VIDEO: What Rabbi Soloveitchik said about Jewish concern for Israel
The renowned Talmudist and philosopher gave the sermon ten years after Israel’s founding

Jews praying at the Wailing Wall in Jerusalem, April 1936 Photo by Photo by -/INTRAN/AFP via Getty Images
A video of the Talmudist and philosopher Joseph Ber Soloveitchik, speaking about the anxiety that Jews feel about the State of Israel, has recently been uploaded to YouTube.
The sermon, which he gives in Yiddish, is accompanied by English subtitles. Although Soloveitchik spoke English well, he preferred giving his sermons in Yiddish, as Eastern European rabbis had done for centuries.

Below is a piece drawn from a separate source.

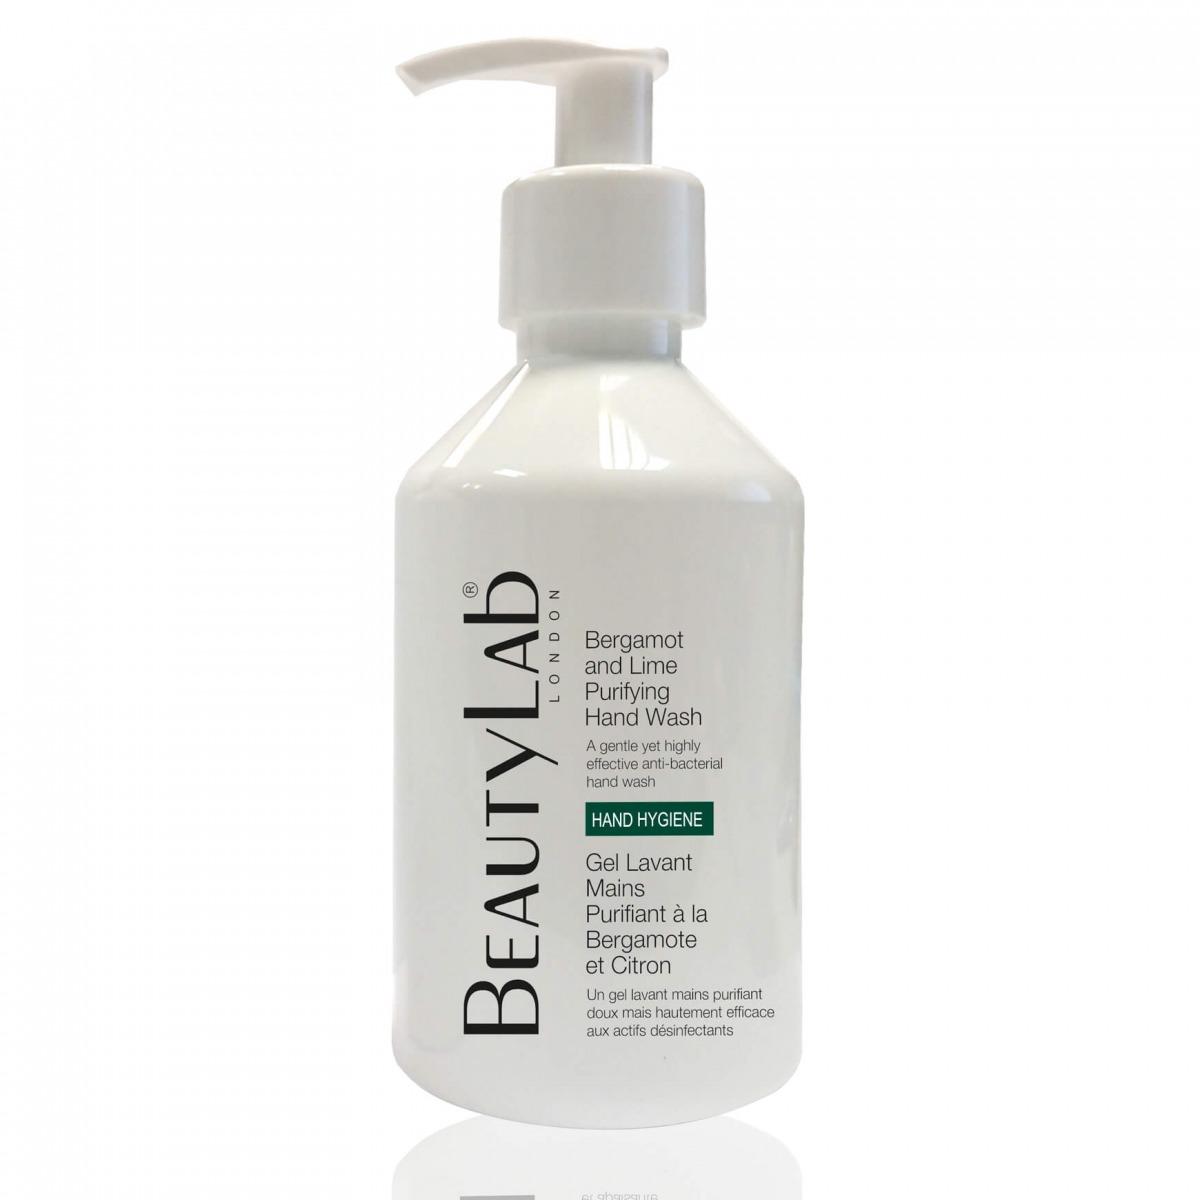 Bergamot and lime Purifying Hand Wash

The Rov, as he was lovingly called by his students and admirers, gave the sermon on Yom Haatzmaut in 1958, on the tenth anniversary of Israel’s founding.

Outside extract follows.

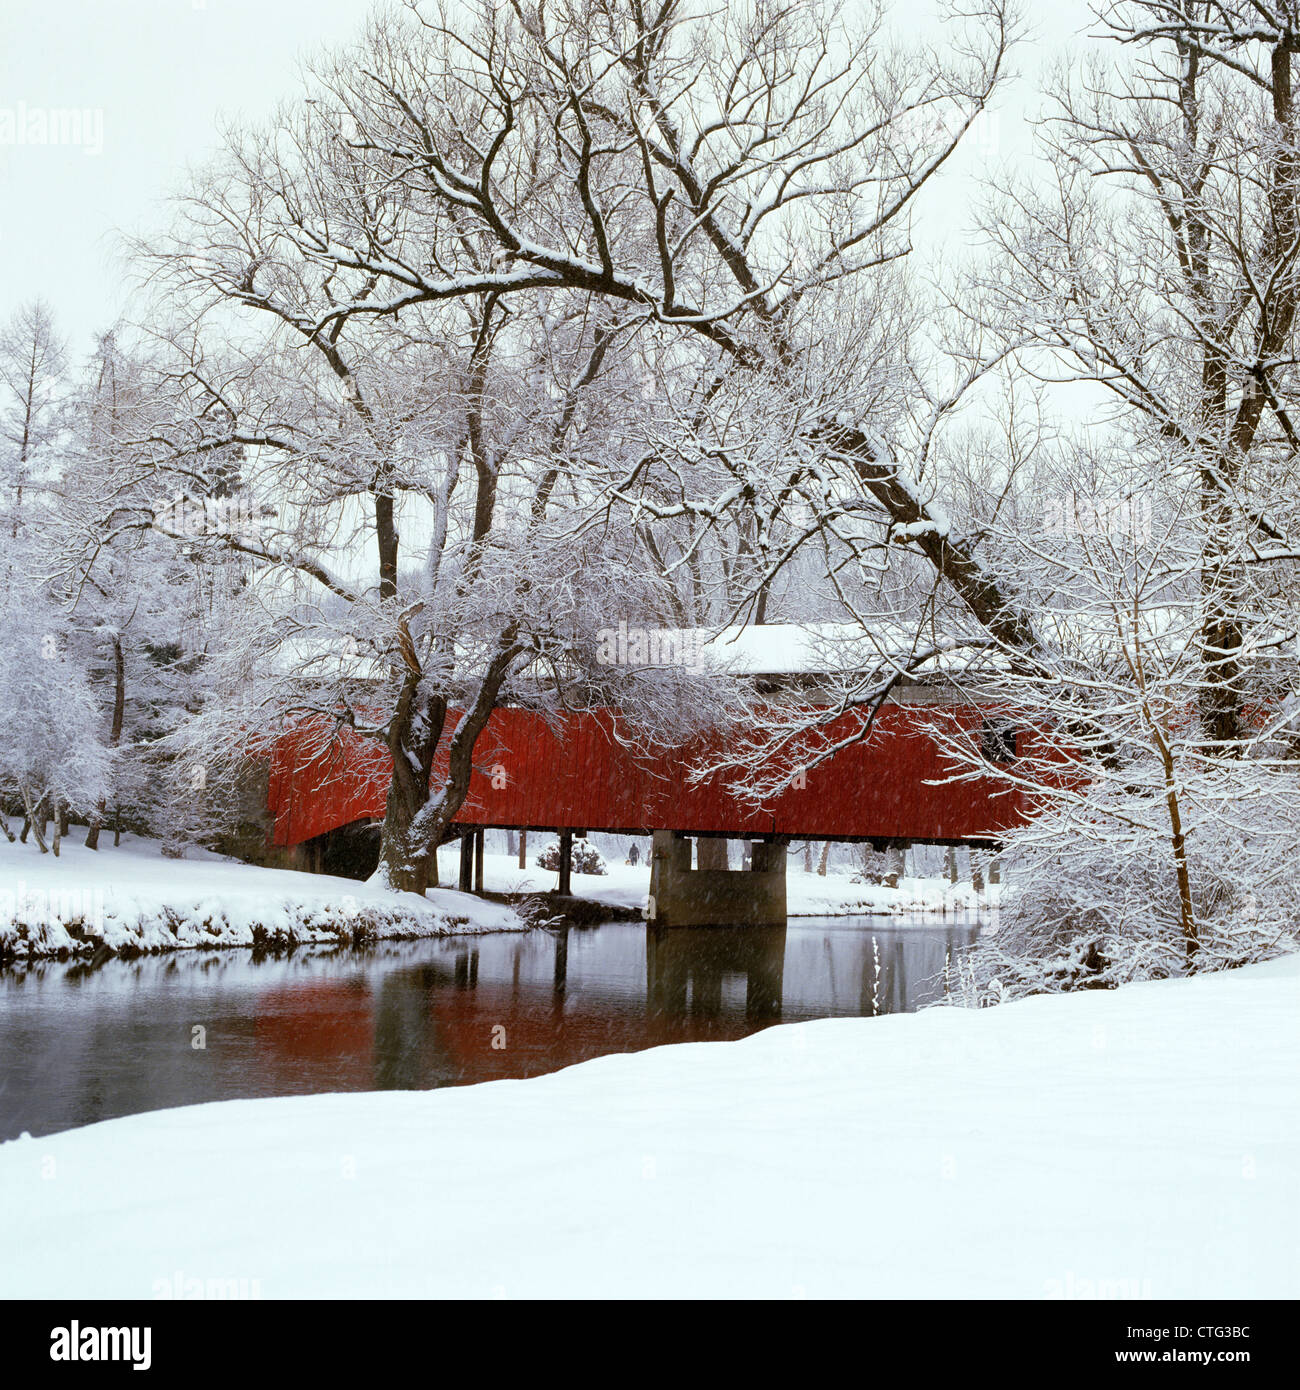 BOGART'S BRIDGE RED COVERED BRIDGE WITH SNOWY LANDSCAPE LEHIGH VALLEY  PENNSYLVANIA - BOGART'S BRIDGE RED COVERED BRIDGE WITH SNOWY LANDSCAPE LEHIGH

Beginning with the question, “what makes something holy?” he replies that it’s “korbn, sacrifice.”
“Kedushe un korbn iz eyn bagrif…kedushe ken nor geshafn vern durkh yesurim (holiness and sacrifice are one concept…holiness can only be created through suffering),” he says.
Soloveitchik provides examples of this kind of suffering in the Torah, as experienced by Moses, King David and King Solomon, and then explores how this relates to the emotional state of the Jews during the first ten years of Israel’s existence.
As we see in the video, Soloveitchik is a compelling speaker, and for those people who understand the Yiddish, his litvish (Lithuanian) dialect is a pleasure to listen to.
Rabbi Soloveitchik is considered one of the most influential leaders of Modern Orthodoxy in 20th century America. Born into an illustrious rabbinical family in 1903 in Pruzhan, Poland, he immigrated to the United States in 1932, later to become Chief Rabbi of the Orthodox community of Boston, where he established the Maimonides School, the first Jewish day school in New England and one of the first institutions in which girls studied Talmud.